Photometric Analysis of TCP J20171288$+$1156589 -- WZ Sge Type Dwarf Nova with Delayed Ordinary Superhumps Emergence
Alexander Tarasenkov, Sergey Shugarov, Natalia Ikonnikova, Marina Burlak, Sergey Nazarov, Sjoerd Dufoer
TL;DR
TCP J20171288+1156589 is a WZ Sge-type dwarf nova that exhibited a large-amplitude outburst with an unusual delay between early and ordinary superhumps. A multi-telescope, time-resolved photometric campaign identifies early superhump periods near $P_{orb}$ and a later ordinary superhump period of $P_{ord}=0.0616$ d, from which a mass ratio of $q\approx0.06$ and a white-dwarf mass of $M_{WD}\approx1.0\,M_{\odot}$ are inferred. Colour evolution analysis yields $E(B-V)\approx0.18$, a disk-temperature trajectory from $\sim15{,}000$ K to $\sim10{,}000$ K, and a distance of $d\approx850$ pc. The resulting parameter set and the pronounced SH-delay provide new insights into disk-instability physics under extreme mass ratios and expand the phenomenology of SH evolution in WZ Sge stars.
Abstract
We present the results of photometric analysis of WZ Sge type dwarf nova TCP J20171288$+$1156589. This object exhibited an outburst with a large amplitude of $>7.9$ magnitudes and was observed for over a month. The photometric evolution of the superoutburst was atypical for WZ Sge-type dwarf novae. Periodogram analisys reveals early superhumps with the most probable period of $0.0611\pm0.0001$ days during the initial decline. After a plateau phase of approximately 11 days, ordinary superhumps (likely stage B) emerged with a period of $0.0616\pm0.0001$ days, corresponding to a superhump excess of $ε=0.008$ correspondingly. This delay in the onset of ordinary superhumps is an unusual feature among WZ Sge stars.
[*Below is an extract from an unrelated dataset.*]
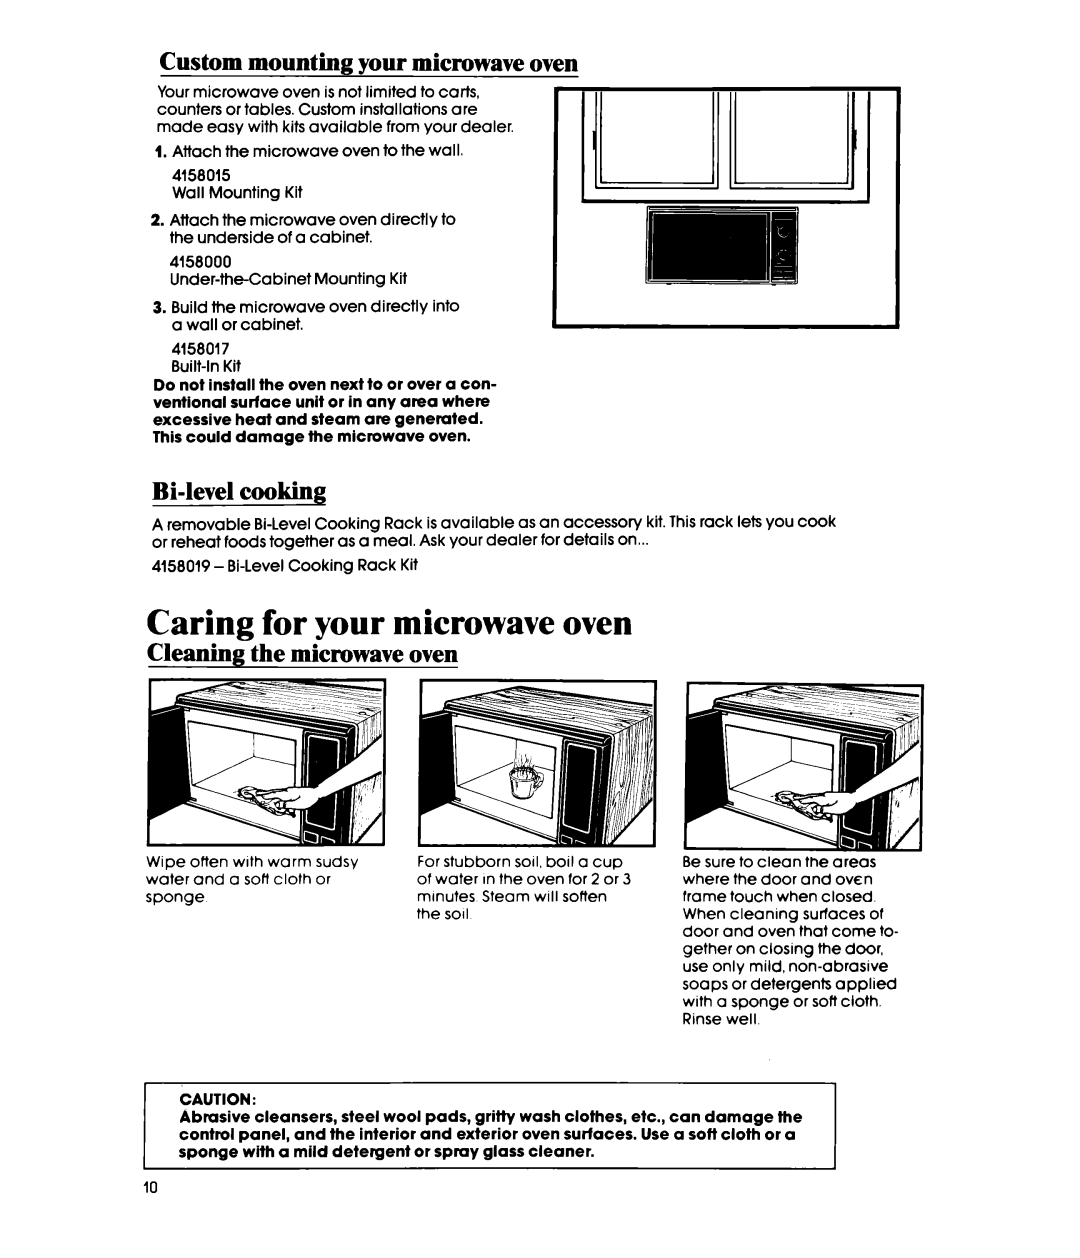 Whirlpool MW32OOXS manual Caring for your microwave oven, Custom mounting your microwave oven, Bi-levelcooking

We evaluated the main parameters of the system: mass ratio $q=M_{RD}/M_{WD}=0.06\pm0.005$, yielding component masses of $M_{WD}\sim1.0\pm0.15M_{\odot}$ for the white dwarf and $M_{RD}=0.06\pm0.01M_{\odot}$ for the donor. The estimated distance to the system is $\sim850$ pc, and the binary separation is $a=0.67\pm0.03R_{\odot}$.